• _PROVIDED DATA_:
[Start of Attachment]
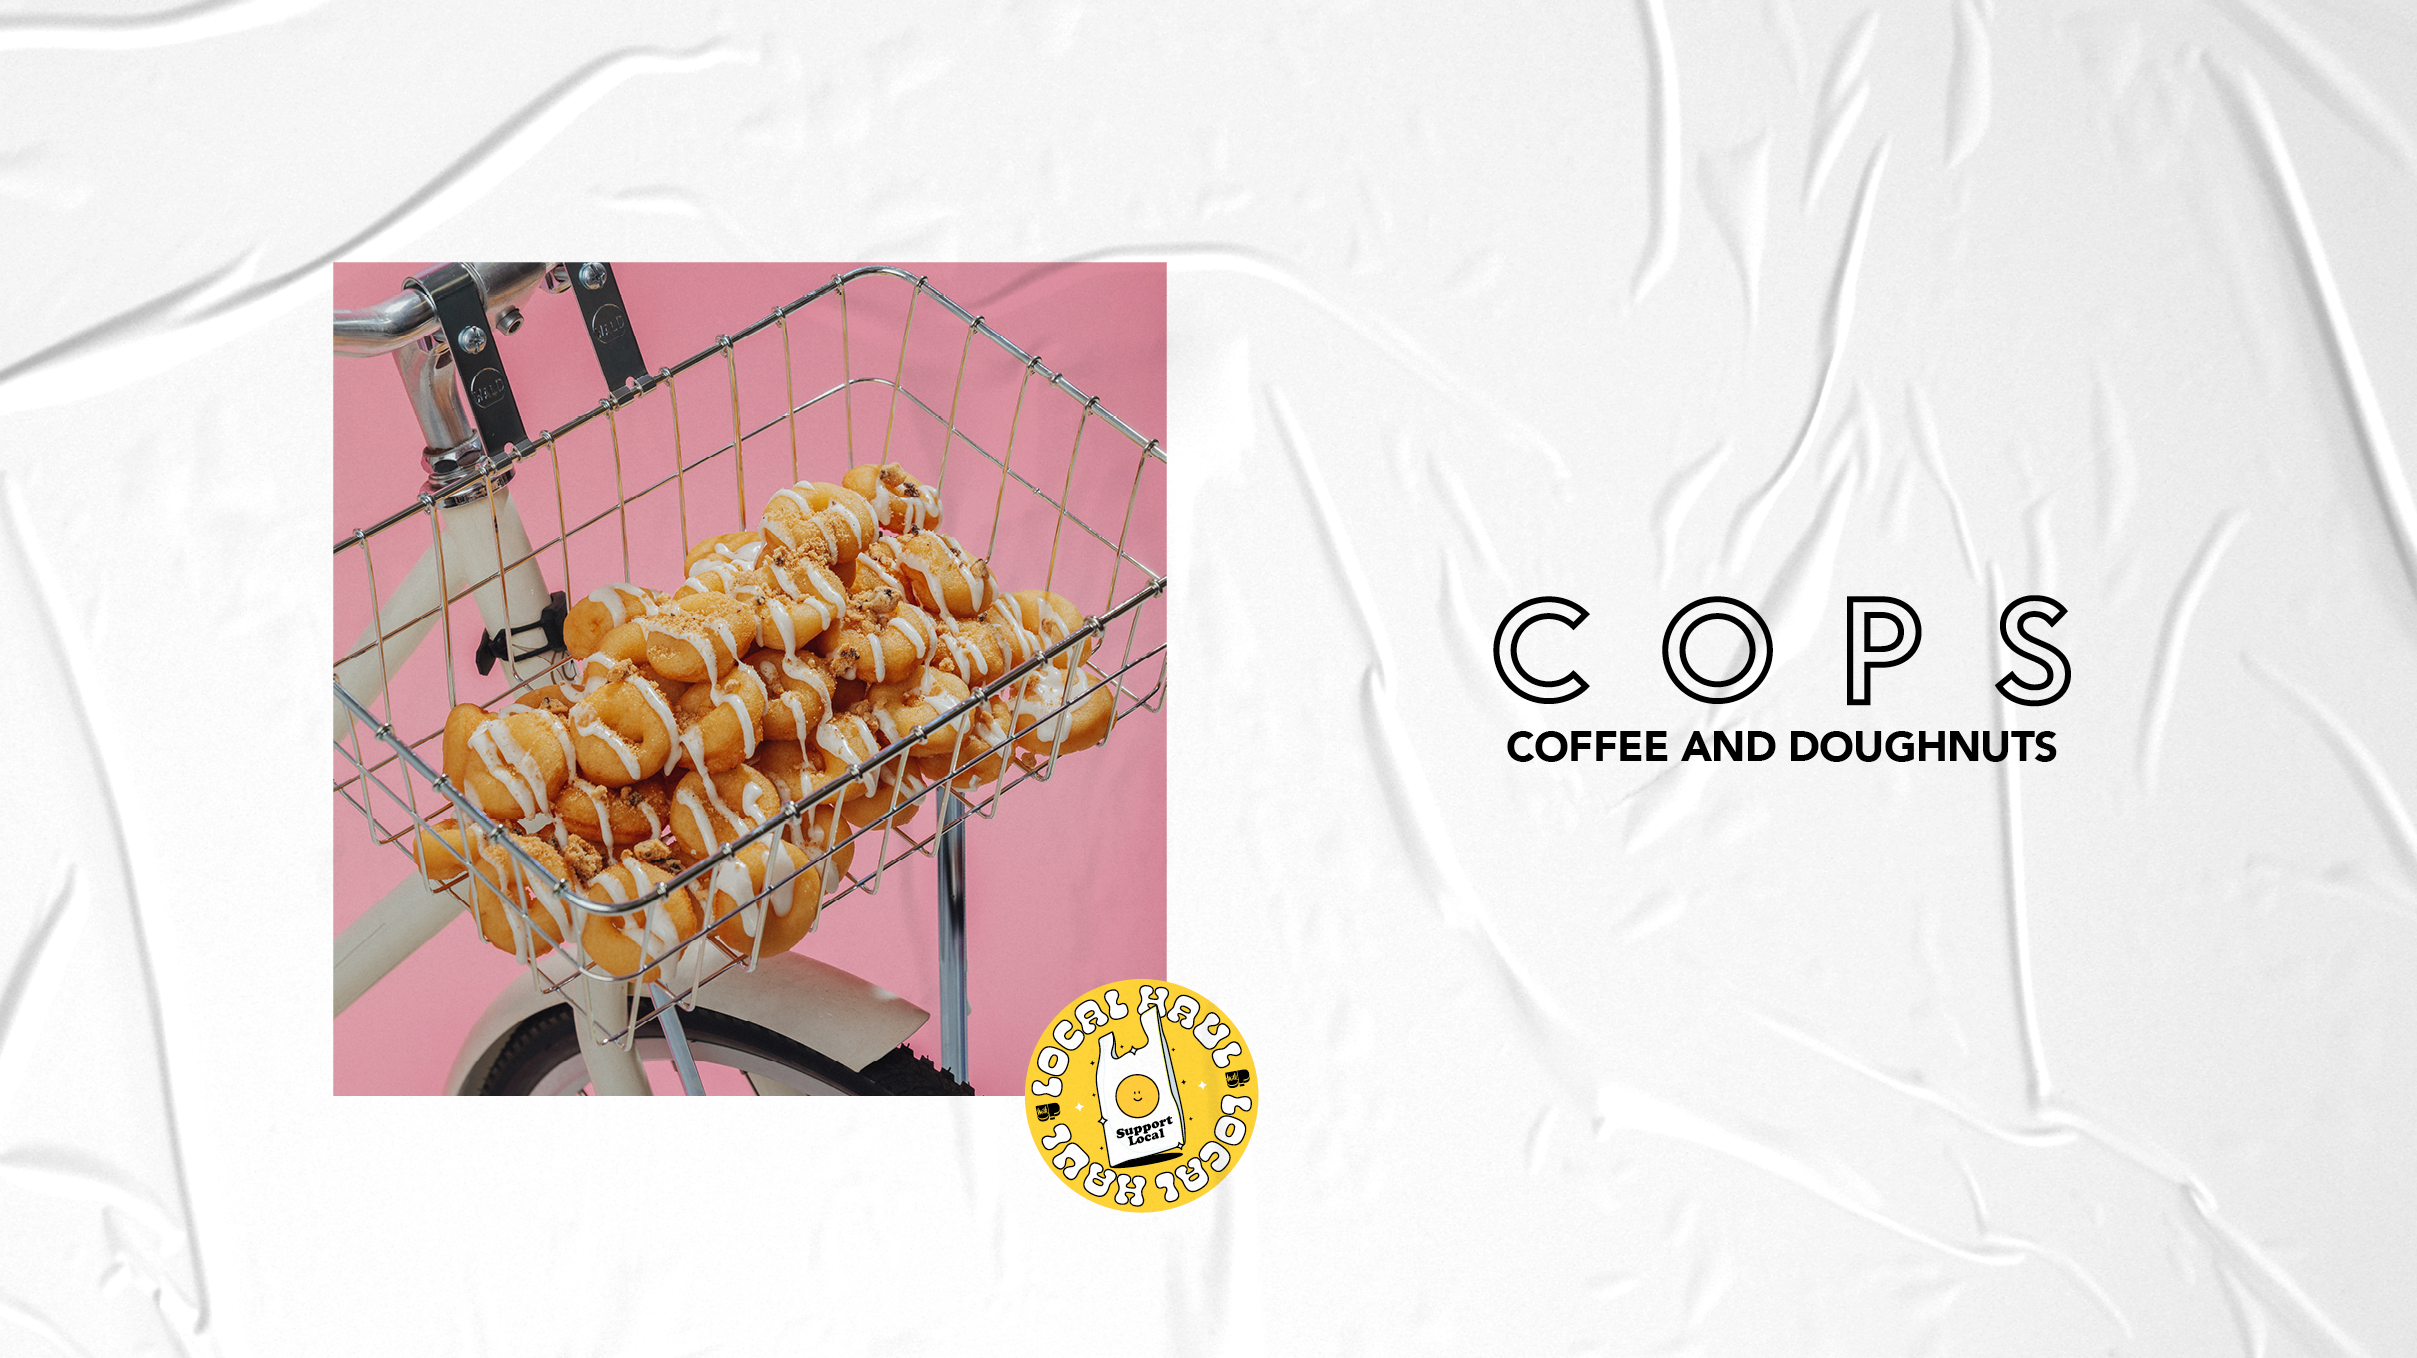 Donuts with icing inside a bicycle rack from Cops Coffee and Doughnuts
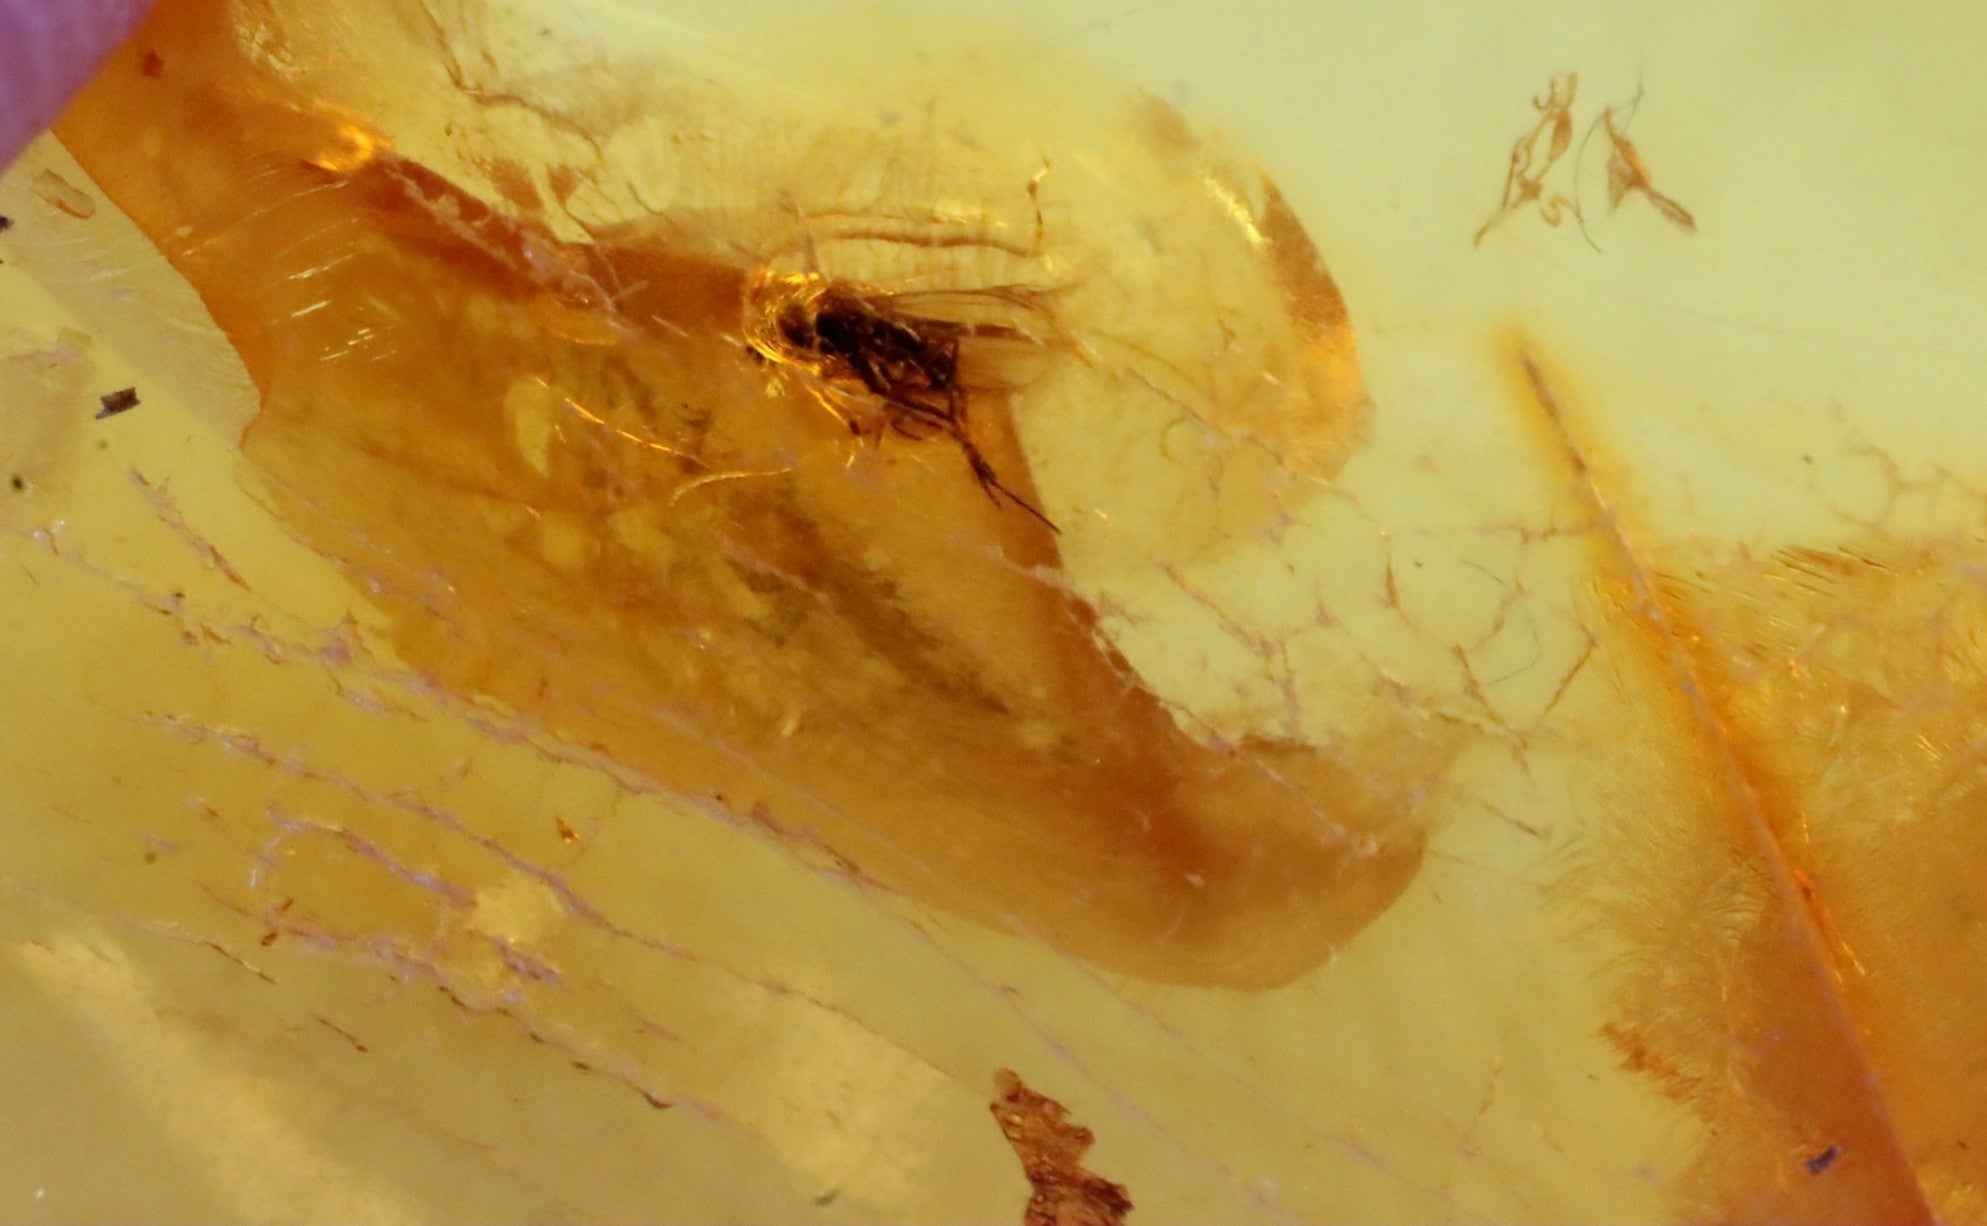 Amber Gem With Insect Inclusion
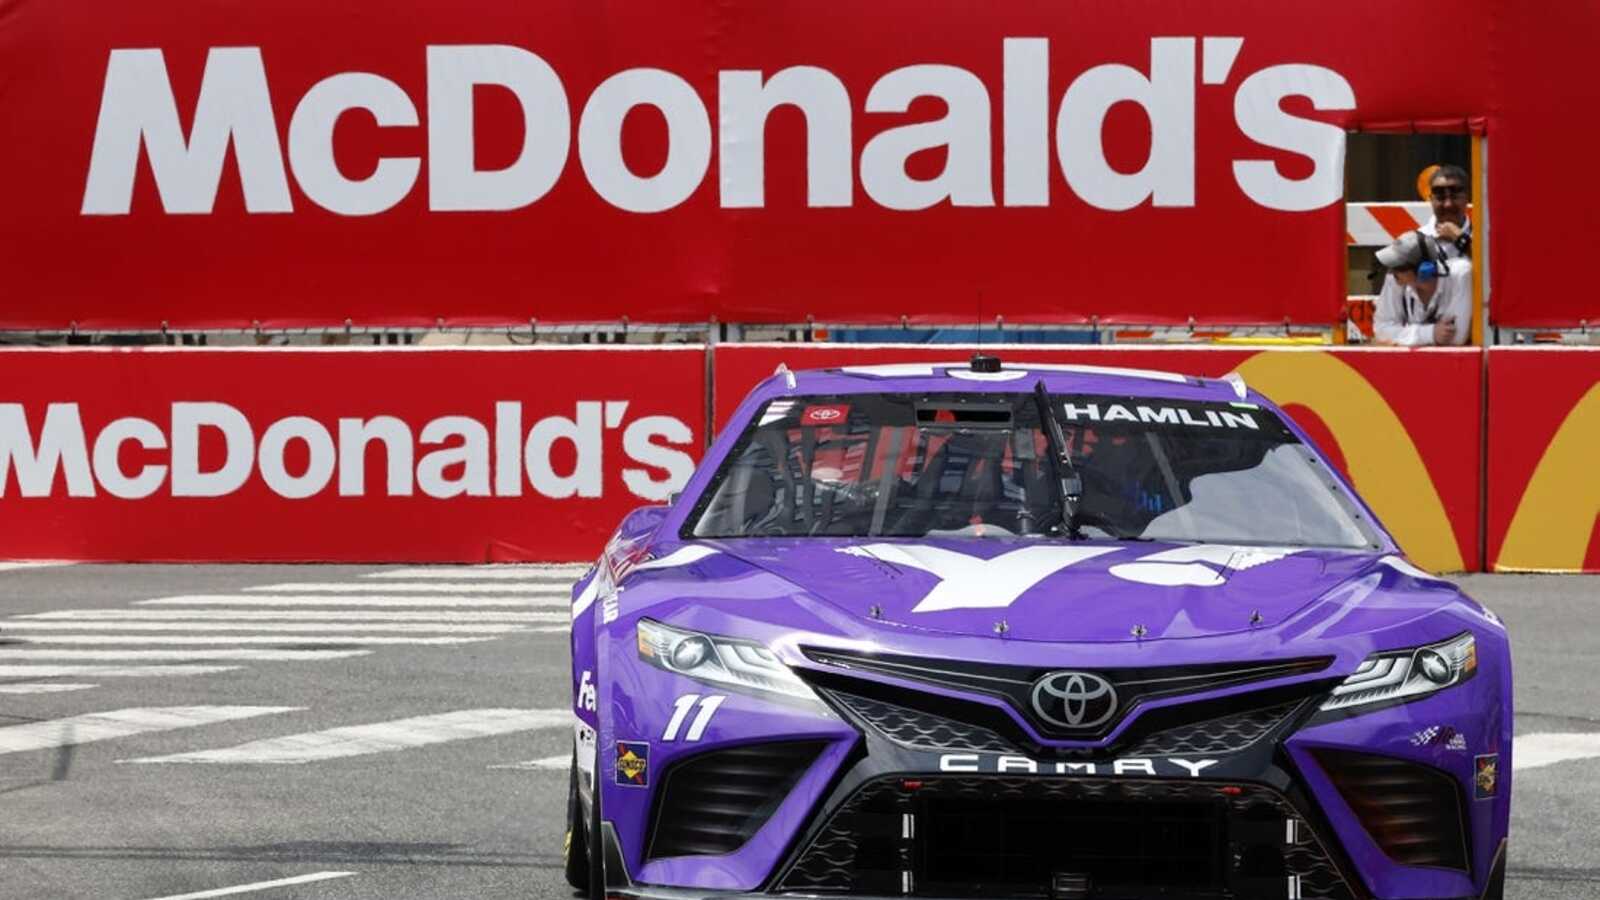 Denny Hamlin earns pole with late charge at Chicago
[End of Attachment]
Return the material as it stands. Leave out the pictures.

• _ANSWER TO THIS PROBLEM_:
 Donuts with icing inside a bicycle rack from Cops Coffee and Doughnuts
 Amber Gem With Insect Inclusion
 Denny Hamlin earns pole with late charge at Chicago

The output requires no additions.